“Hal ini sangat penting bagi aparat penegak hukum untuk memahami bagaimana pelaku dengan kondisi disabilitas dapat melakukan tindak pidana, sebagaimana dilaporkan korban,” ungkap dia.
Sri pun menjelaskan, penerapan Undang-Undang (UU) Nomor 12 Tahun 2022 tentang TPKS juga penting guna memulihkan hak-hak korban dan memberikan perlindungan dari risiko viktimisasi.
Terkait pelaku, LPSK mendorong penerapan UU Nomor 8 Tahun 2016 tentang Penyandang Disabilitas guna pemberian akomodasi yang layak sesuai dengan ragam disabilitas pelaku.
“Dengan memahami kebiasaan pelaku dalam kehidupan sehari-hari, diharapkan kebenaran materil dalam perkara ini dapat diungkap secara utuh,” tukasnya.

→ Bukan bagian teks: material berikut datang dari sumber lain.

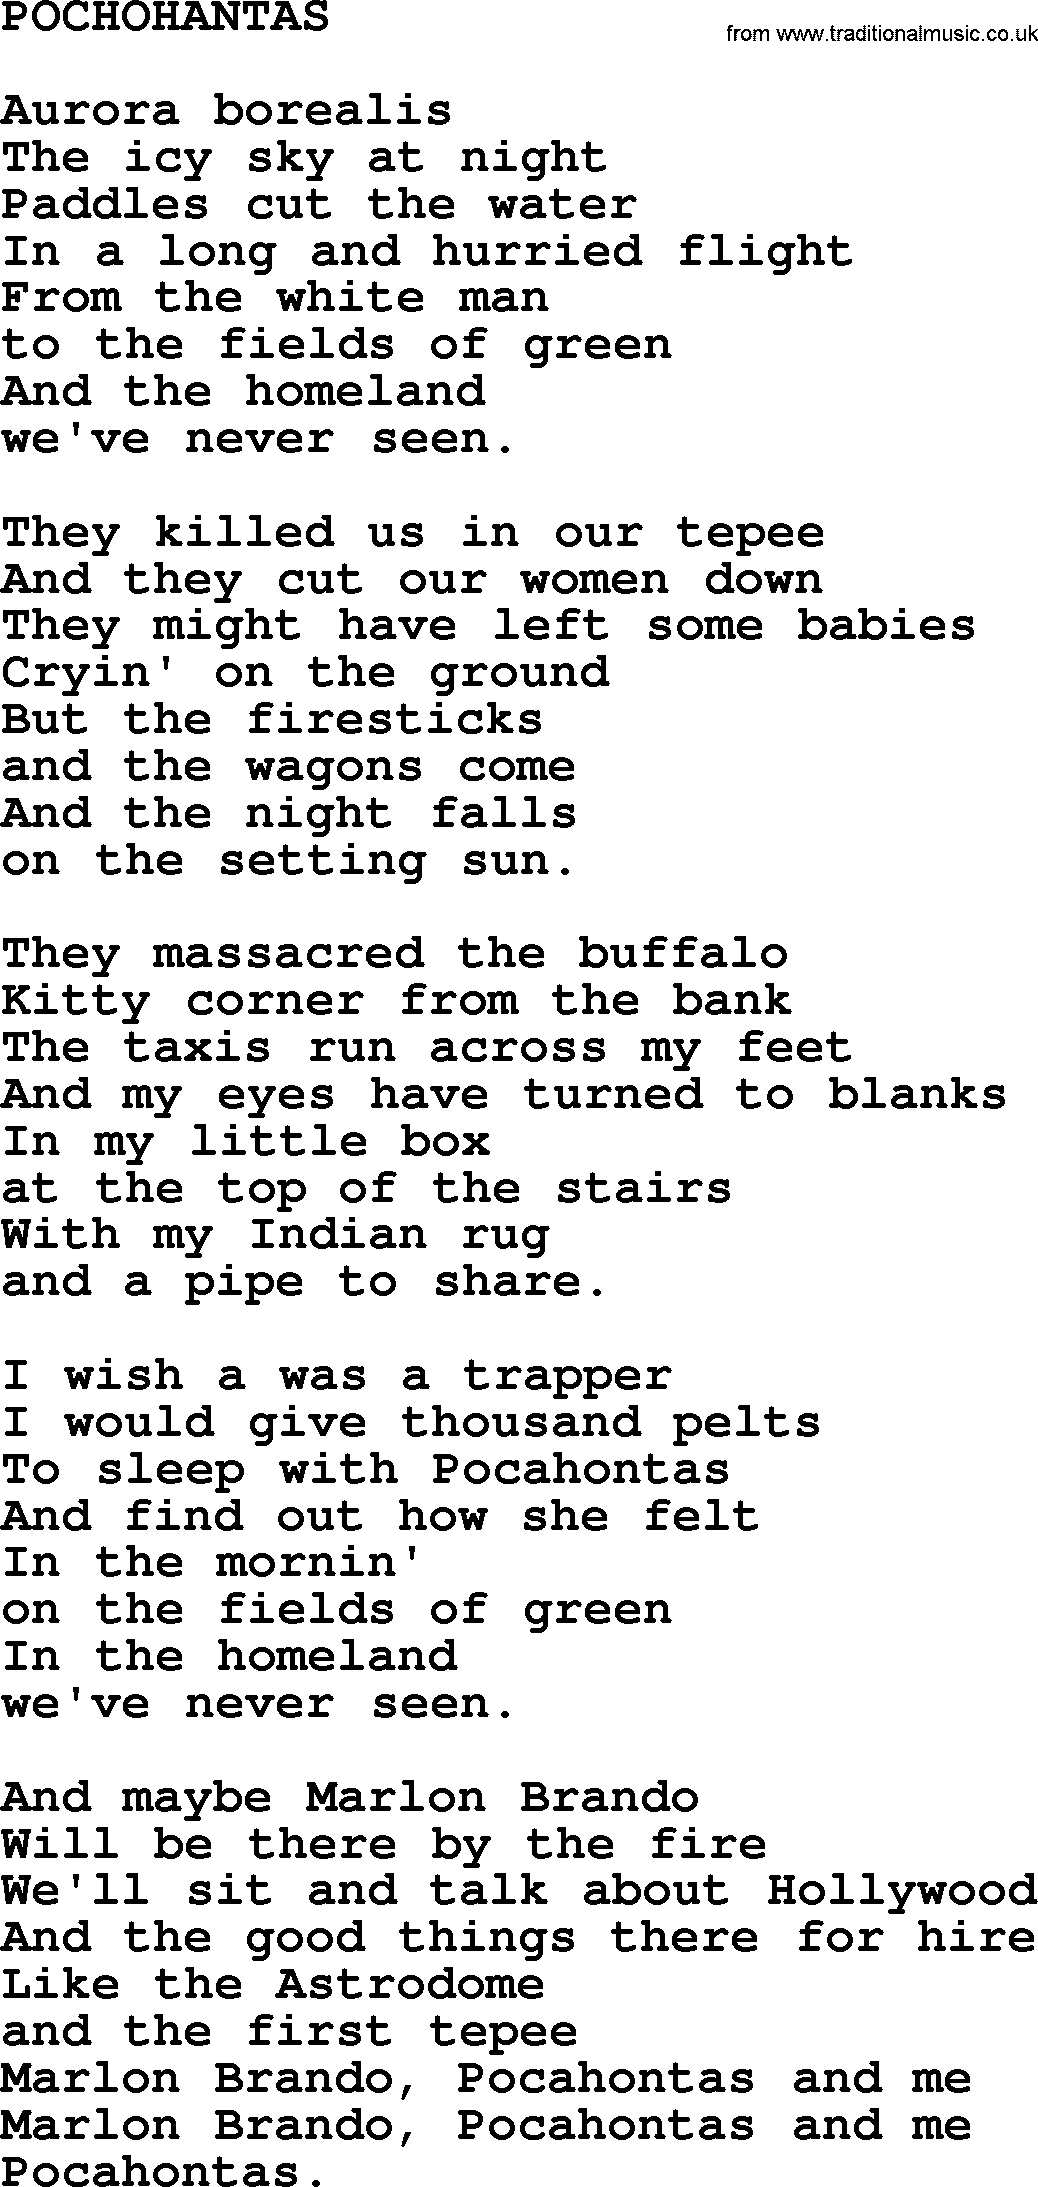 Johnny Cash song Pochohantas.txt lyrics
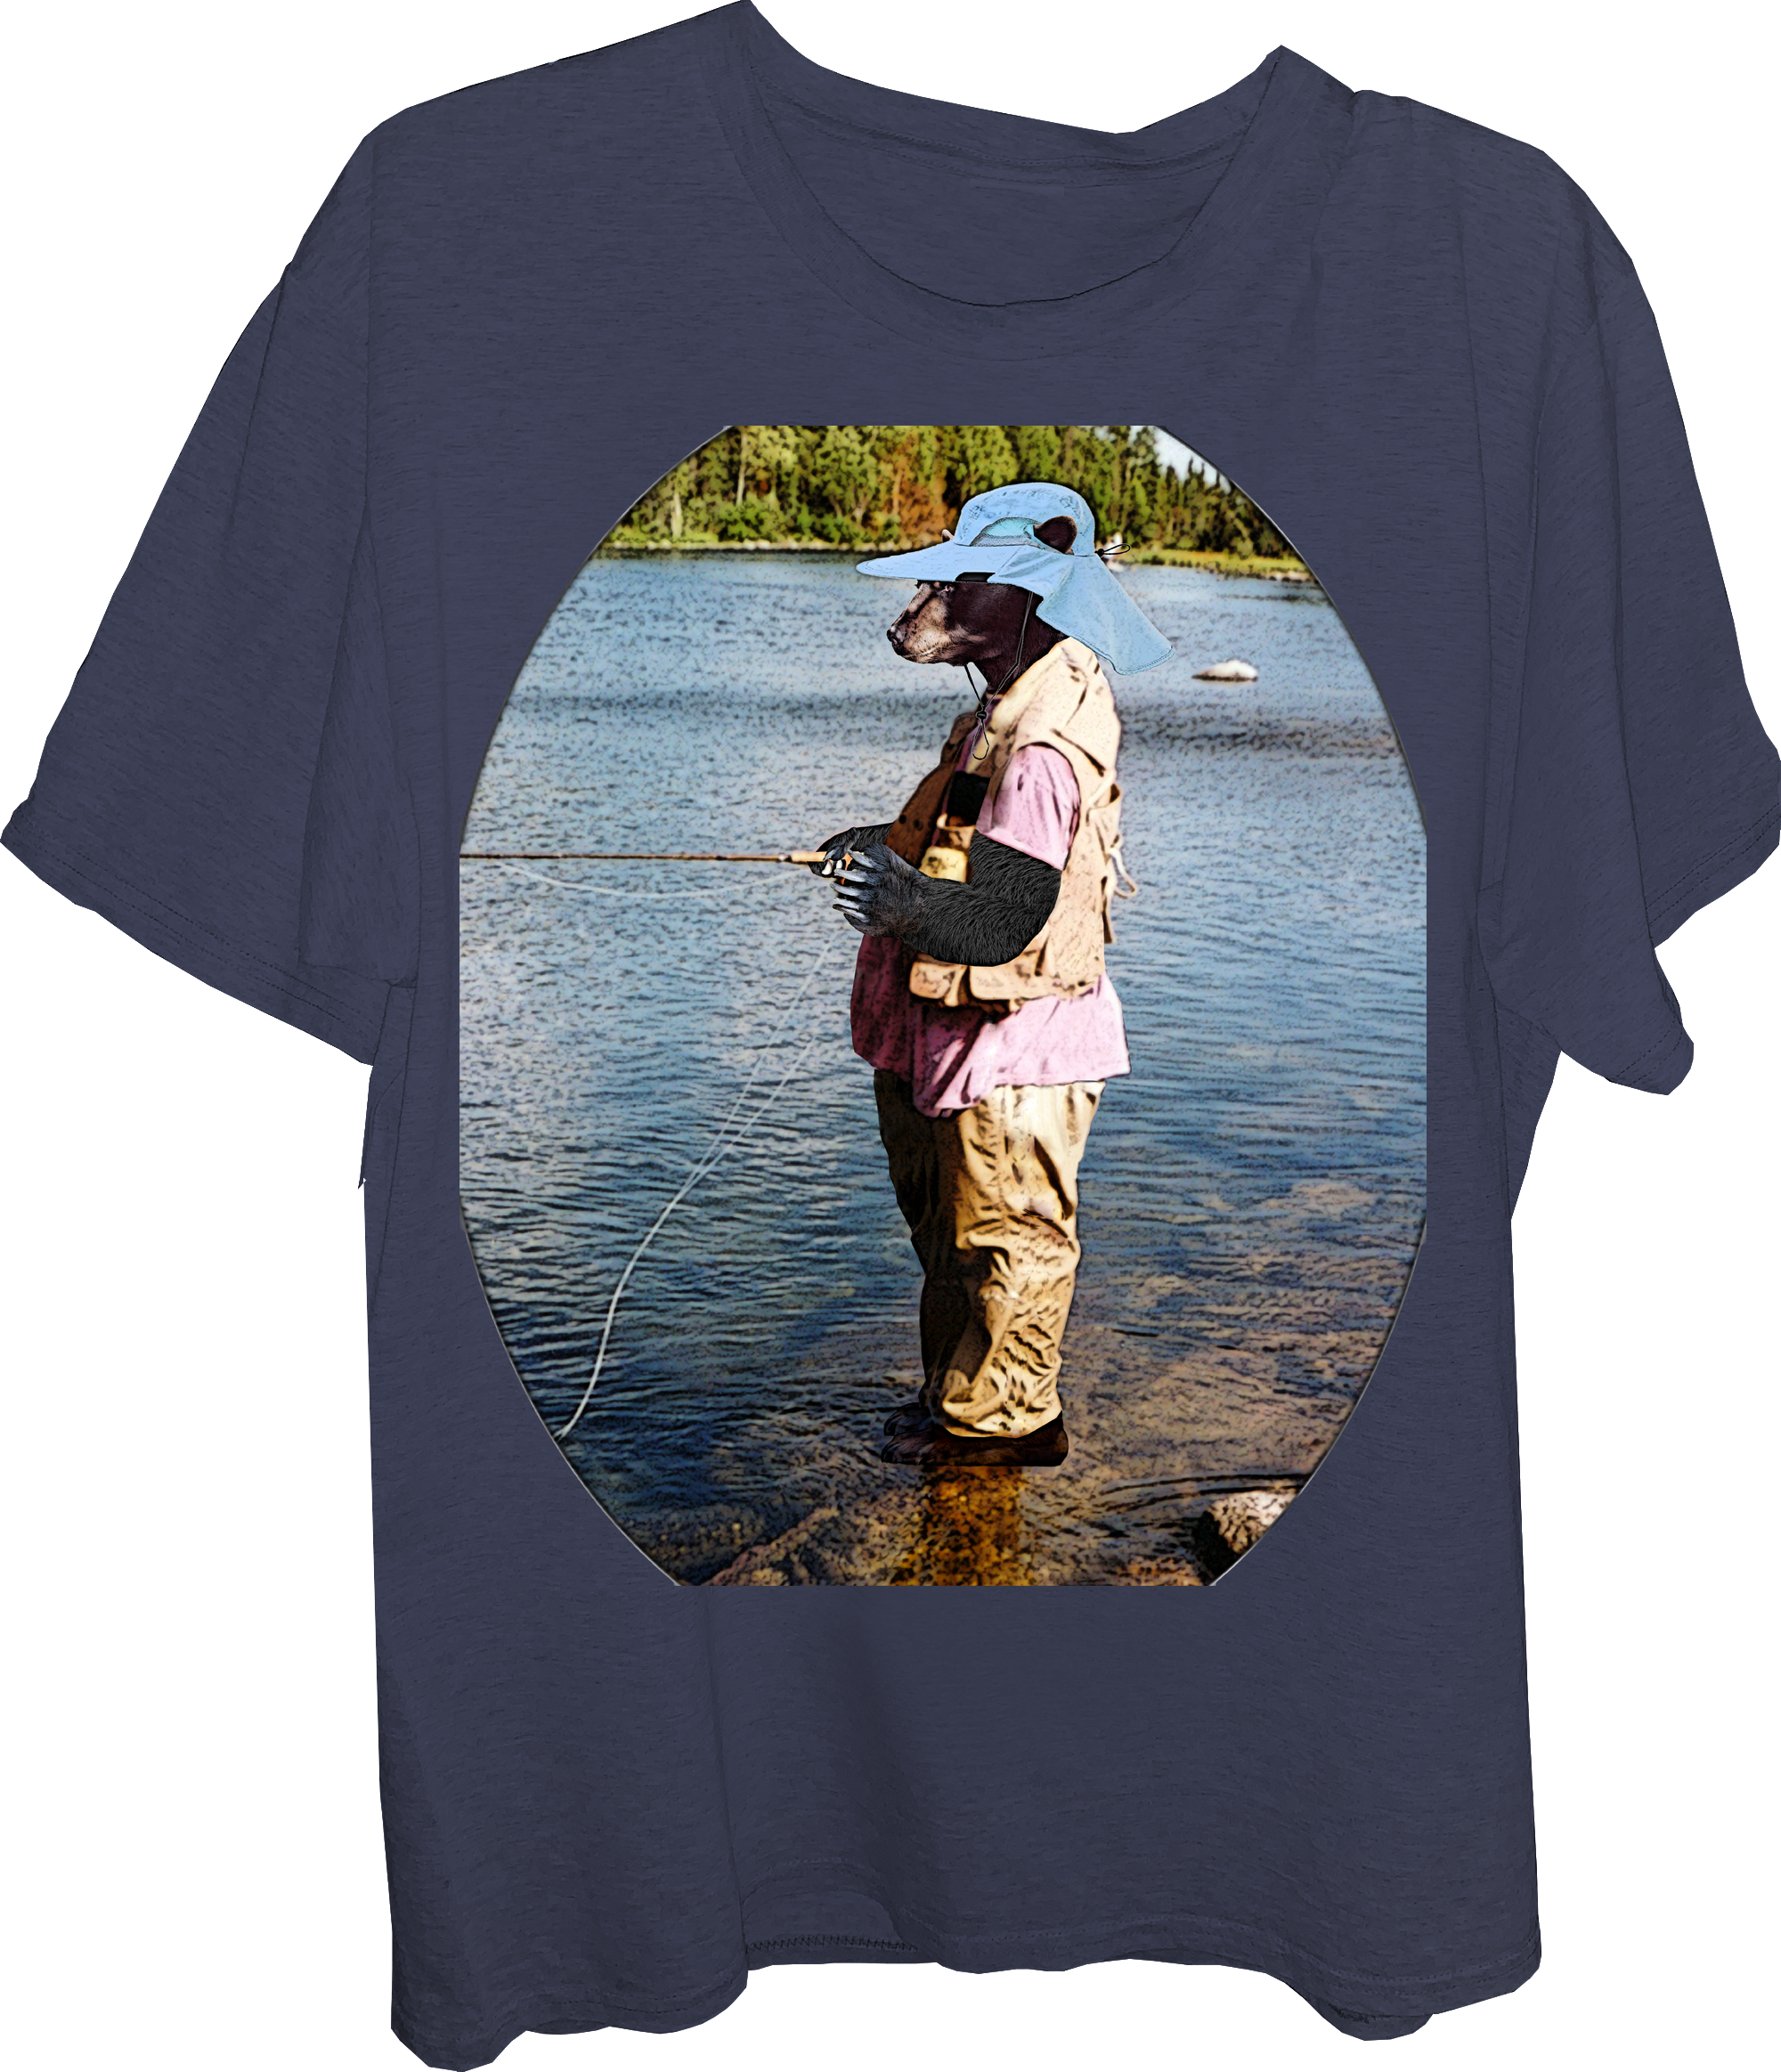 https://www.behrbonesclothing.com/wp-content/uploads/2019/07/Bear-Fly-Fishing-T-shirt-2000.png

Sebelumnya, korban perempuan berinisial MA melaporkan kasus dugaan perkosaan dilakukan pelaku IWAS ke Sentra Pelayanan Kepolisian Terpadu (SPKT) Polda Nusa Tenggara Barat (NTB) pada 7 Oktober 2024.
Dalam jalannya penyelidikan, Polda NTB telah meminta keterangan terhadap lima orang saksi, termasuk teman korban dan penjaga homestay, serta mengantongi hasil visum, analisis ahli psikologi hingga menetapkan Agus sebagai tersangka.